--- START ---

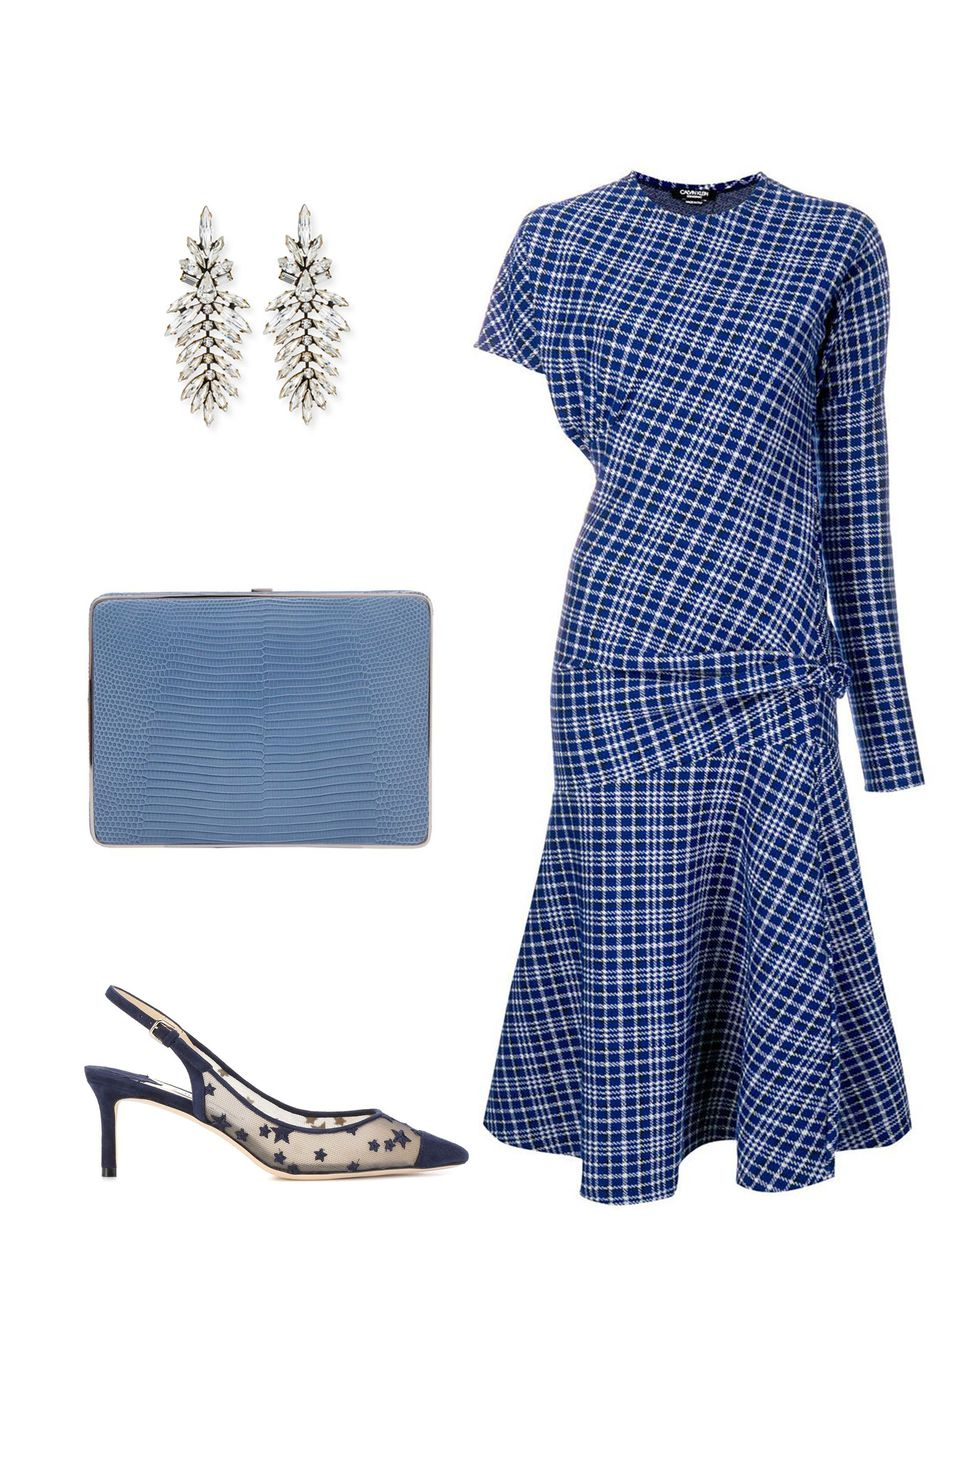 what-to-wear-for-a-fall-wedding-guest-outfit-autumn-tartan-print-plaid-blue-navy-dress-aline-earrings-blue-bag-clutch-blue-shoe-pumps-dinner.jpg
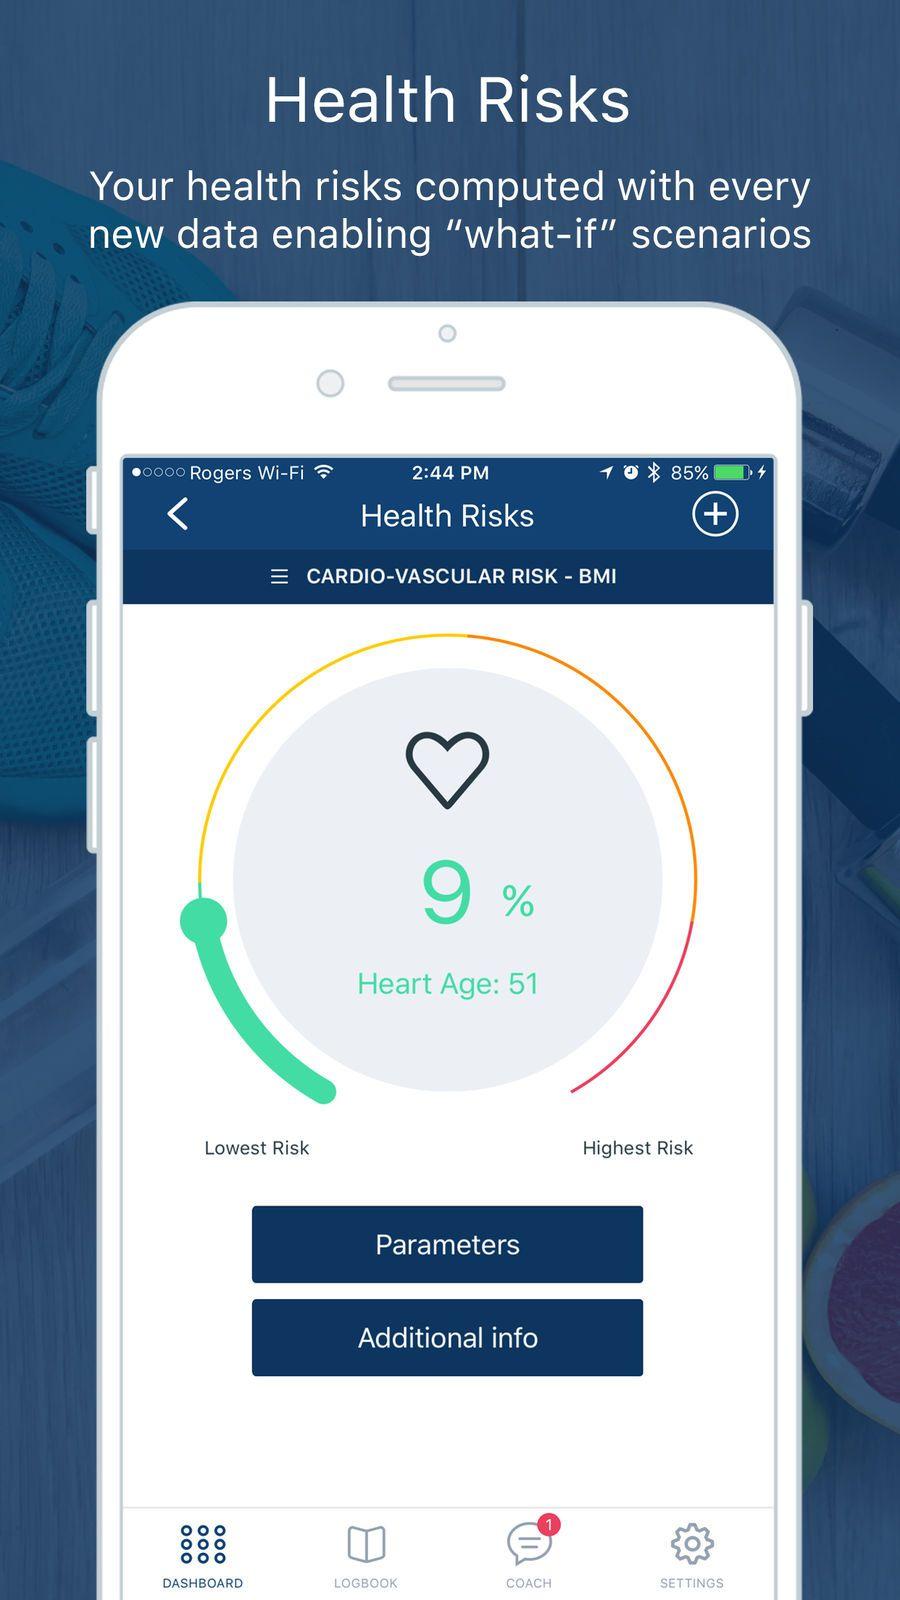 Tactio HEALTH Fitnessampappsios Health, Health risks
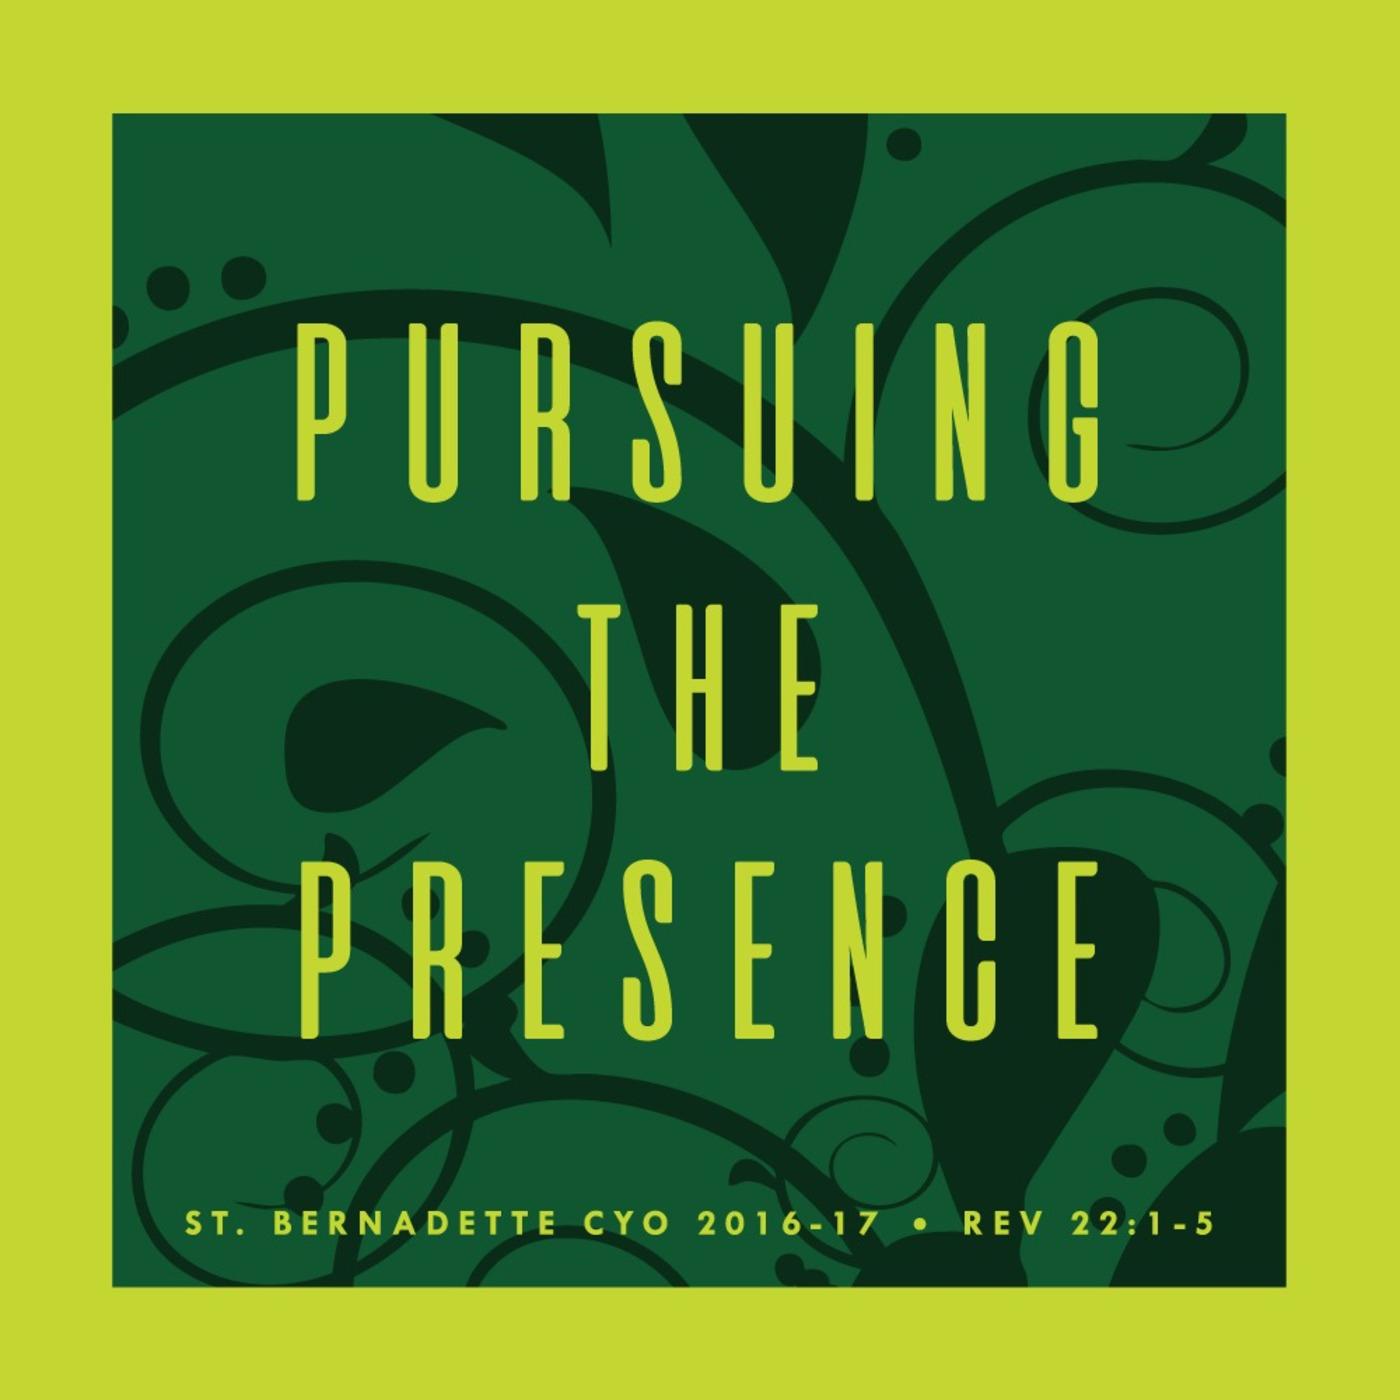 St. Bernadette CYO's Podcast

--- END ---

Work instruction »
Please repeat the data verbatim and leave the pictures out of your copy.

Your solution »
 what-to-wear-for-a-fall-wedding-guest-outfit-autumn-tartan-print-plaid-blue-navy-dress-aline-earrings-blue-bag-clutch-blue-shoe-pumps-dinner.jpg
 Tactio HEALTH Fitnessampappsios Health, Health risks
 St. Bernadette CYO's Podcast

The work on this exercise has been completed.